Getting and Cleaning Data Course Project/Coursera Data Science Specialization

Getting and Cleaning Data Course Project


Note The code blocks used in the README are for illustration only & are incomplete. Please refer to the script for complete implementation.

This script assumes that the Samsung data is in your working directory(unzipped).

Here's a step by step explanation of how the script works along with the line numbers.

Imports necessary packages(lines[2:3])

Package reshape2 need to be imported to use melt and dcast functions used for creating tidy data at the end of the script.

Read column names for the measurement data(lines[6])

Reads the column names from features.txt to be used with read.table() while reading measurement data.

cNames <- read.table(file = 'UCI HAR Dataset/features.txt')
Read the training and test data sets(lines[8:16])

Reads the measurement, activity and subject data using read.table(). Please note that we are using column names stored in cNames variable while reading the measurement data.

Merging the training and test data sets(lines[20:22])

Using rbind, we are merging the corresponding training and test data sets.

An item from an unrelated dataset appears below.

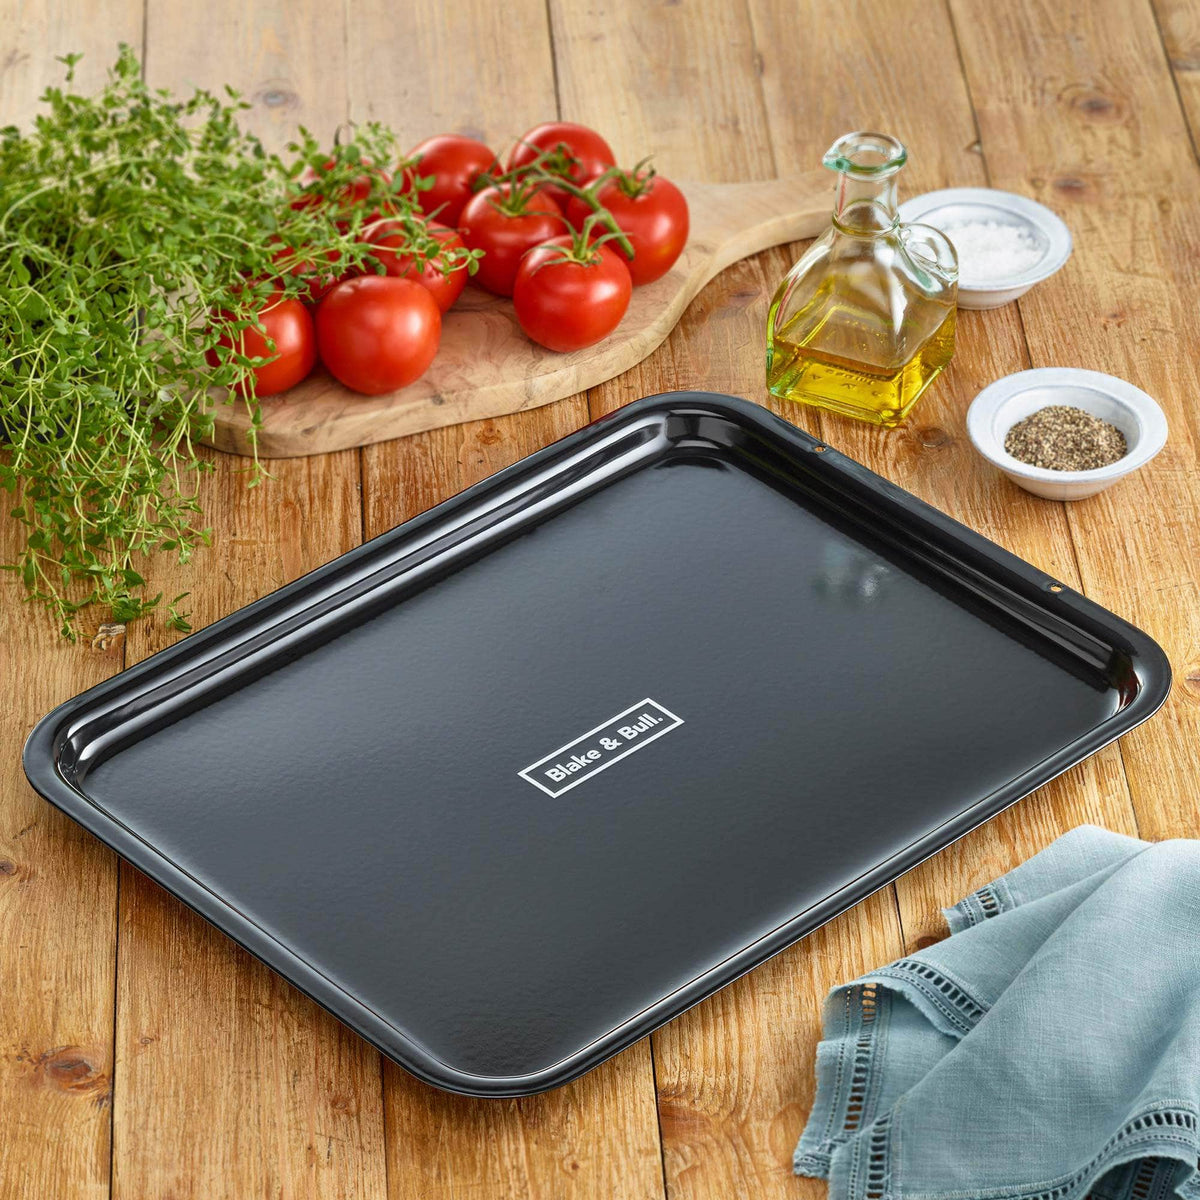 &#39;Fits on runners&#39; black enamelled baking tray for use with Aga range cookers &#39;full oven&#39; size

Extracting the measurements based on the mean and standard

We use grep here to identify and retrieve any measurements with mean or standard deviation. Note that we are selecting any coulmns with either lowercase mean or std in it.

grep('mean|std', names(x = measurement), value = TRUE)
Adding descriptive activity names(lines[29:34])
activity$V1[activity$V1 == 1] <- 'WALKING'

The code is pretty much self explanatory to what it is doing here.

Adding descriptive variable names(lines[37:45])

Using gsub, we are modifying the variable names as per the descriptions provided with features_info.txt.

Merging the subject and activity columns with measurement
mergedData <- cbind(meanStdColumns, activity, subject)

Uses cbind. Code is self explanatory.

Making a tidy data set and writing to a txt file(lines[55:59])

We use the melt and dcast functions from the reshape2 package we imported earlier to create a tidy data set with the average of each variable for each activity and each subject. Finally we use the write.table() funtion with row.names set to FALSE to create a tidydataset.txt.

meltedData <- melt(data = mergedData, id = c('subject', 'activity'))
tidyData <- dcast(data = meltedData, formula = subject + activity ~ variable, mean)

write.table(x = tidyData, file = 'tidydataset.txt', row.names = FALSE)  

Reading the tidy data set uploaded to Coursera

We can use the read.table() function in the following way to produce a tidy data set in our enviornment

tidyData <- read.table('./TidyData/tidydataset.txt', header = TRUE)

If you use the dim() function on tidyData, you can see that it contains 180 observations of 81 variables. file in the repo contains descriptions of variables, data and any transformations performed to clean up the data.